Turbulent burning velocity and its related statistics of ammonia‐hydrogen‐air jet flames at high Karlovitz number: Effect of differential diffusion

To clarify the role of differential diffusion in highly turbulent premixed flames, a series of turbulent premixed ammonia/hydrogen/air flames were investigated using the NH-PLIF diagnostics. The investigated flames have almost the same laminar burning velocity, S_L, but are characterized by different Lewis number, Le, from 0.56 to 1.77. The Karlovitz number, Ka, of these flames ranges from 11 to 1052, and the turbulence intensity, u’/S_L, covers from 10 to 156. It is observed that the global consumption speed, S_T,GC/S_L, of sub-unity Le flames is much larger than that of super-unity Le flames at high Ka, indicating that the differential diffusion plays a significant role in highly turbulent flames. The flame surface density and the area ratio of turbulent flames with different Le are, however, similar under wide turbulent conditions. The stretch factor of sub-unity Le flames is estimated to be significantly larger than that of super-unity Le cases.
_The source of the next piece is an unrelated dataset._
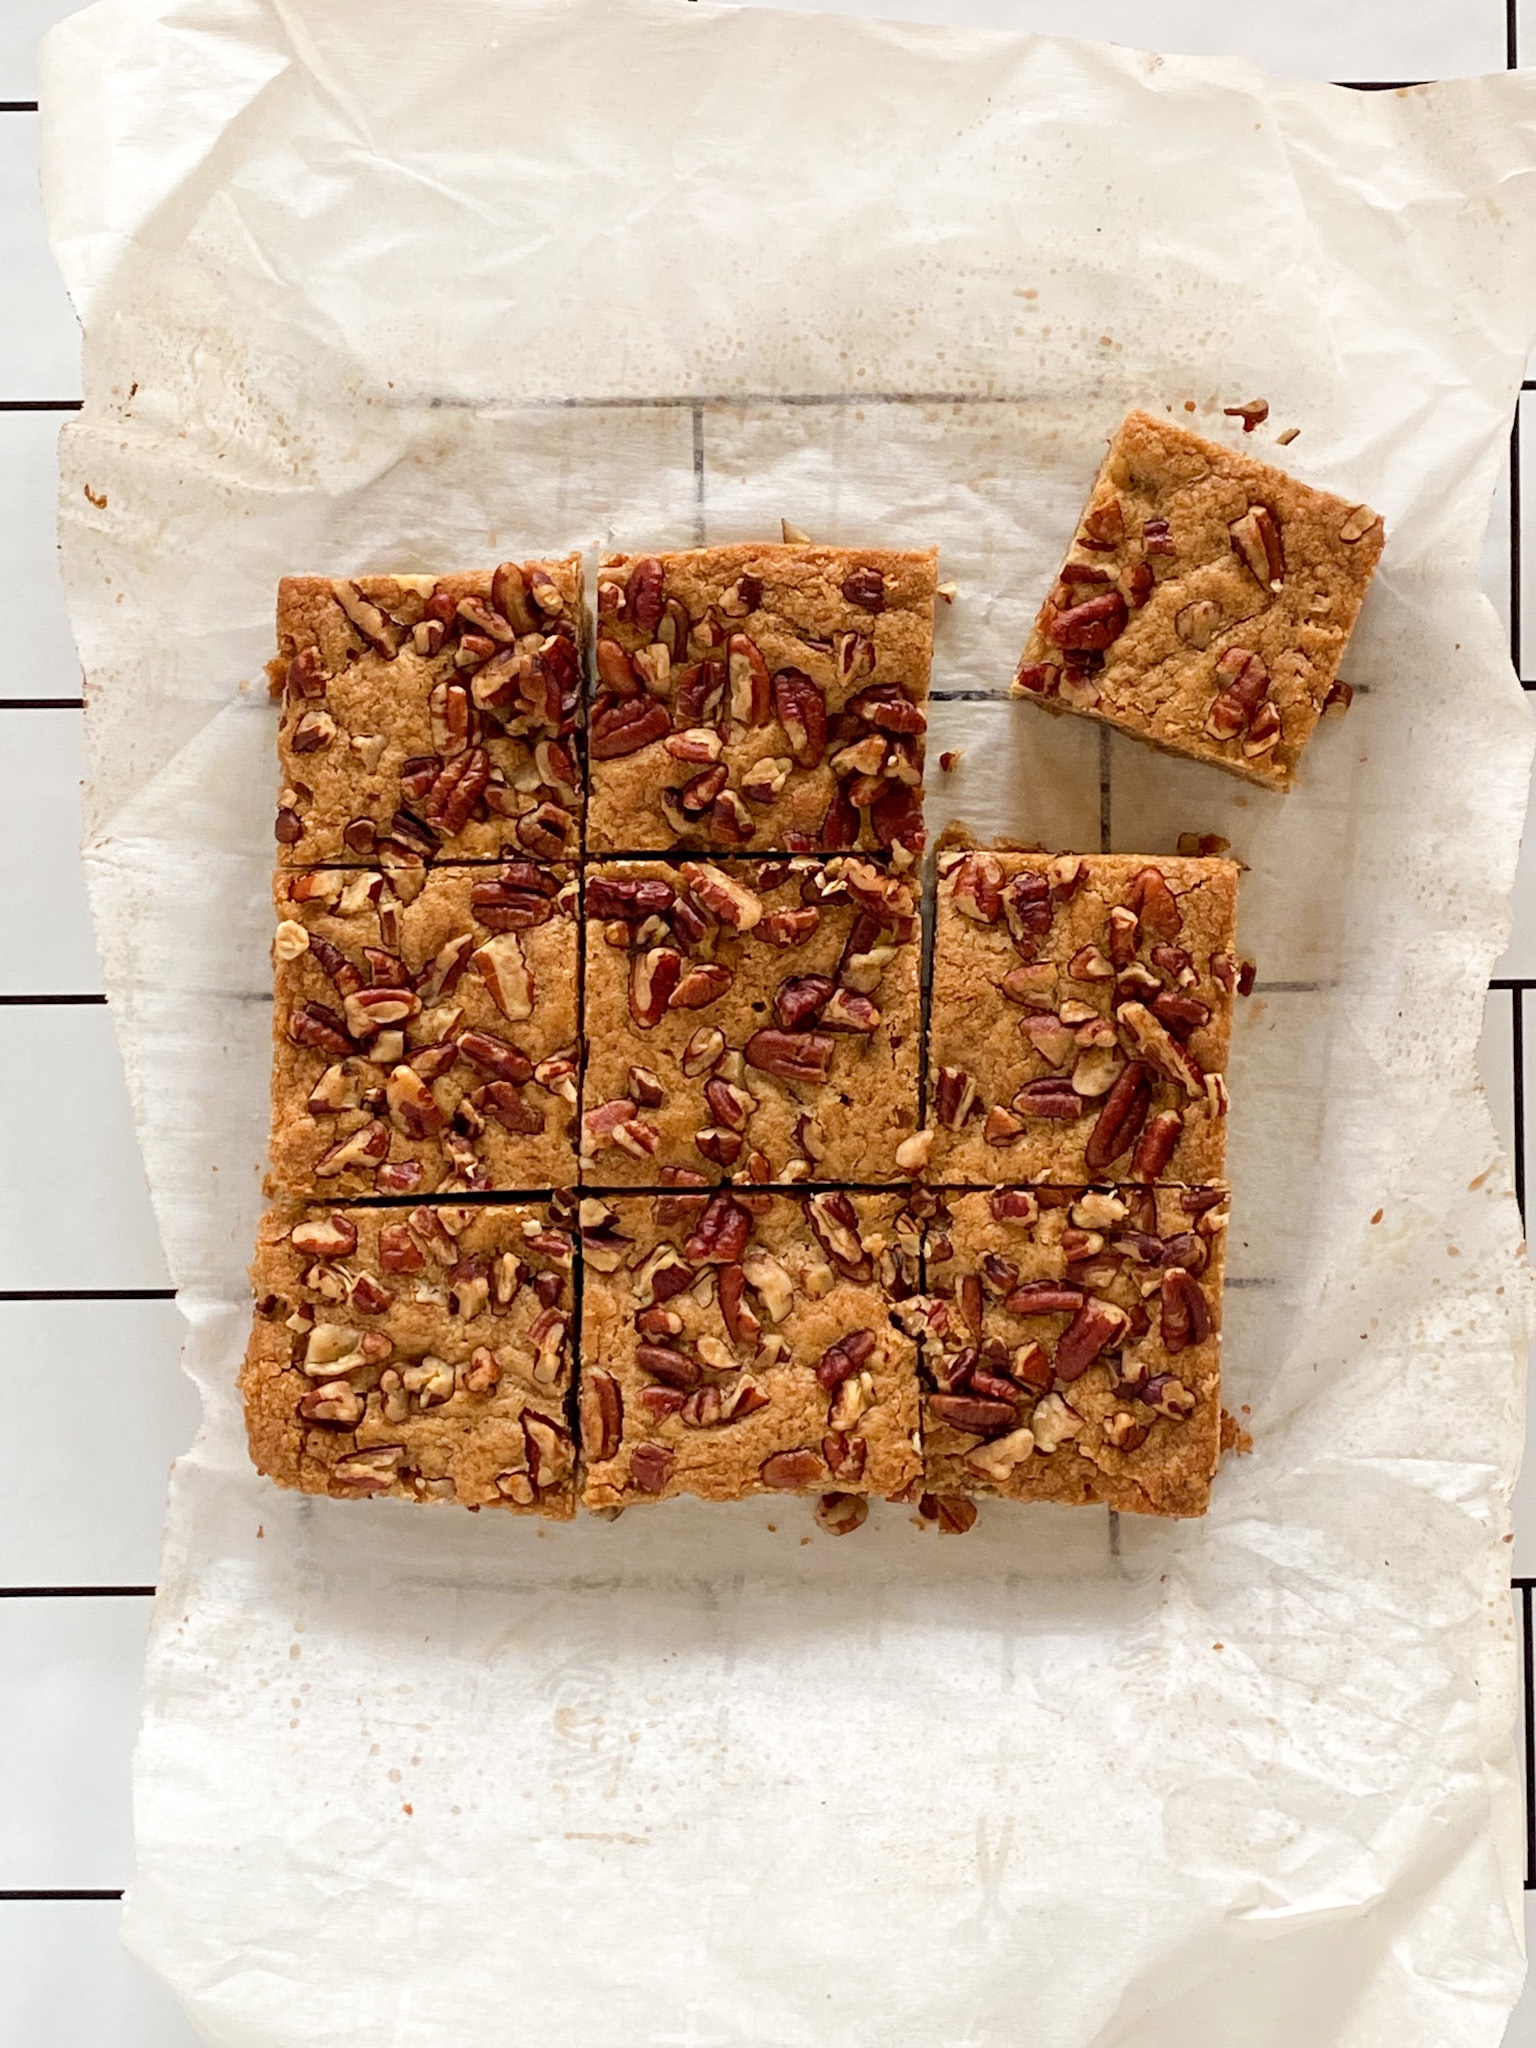 Pecan-covered blondies sit on a piece of parchment paper atop a white tiled surface.

The enhanced S_T,GC of sub-unity Le flames is suggested to be attributed to the promotion of local burning rates by the couple effect of differential diffusion and turbulent flame stretch within the flame brush, rather than the enlargement of flame surface area at high Ka. Furthermore, three correlations for the S_T,GC were developed based on Damkohler's second hypothesis with consideration of the Le effect. The correlation of S_T,GC/S_L ∼ (Re_T·Le^-2)^0.5 is further validated by using small-scale methane/air and large-scale ammonia/air flames at high Ka, where Re_T is turbulent Reynolds number. It suggests that the S_T,GC is roughly inversely proportional to the Le, and the differential diffusion effect should be included in the theoretical analysis and numerical simulation of highly turbulent flames.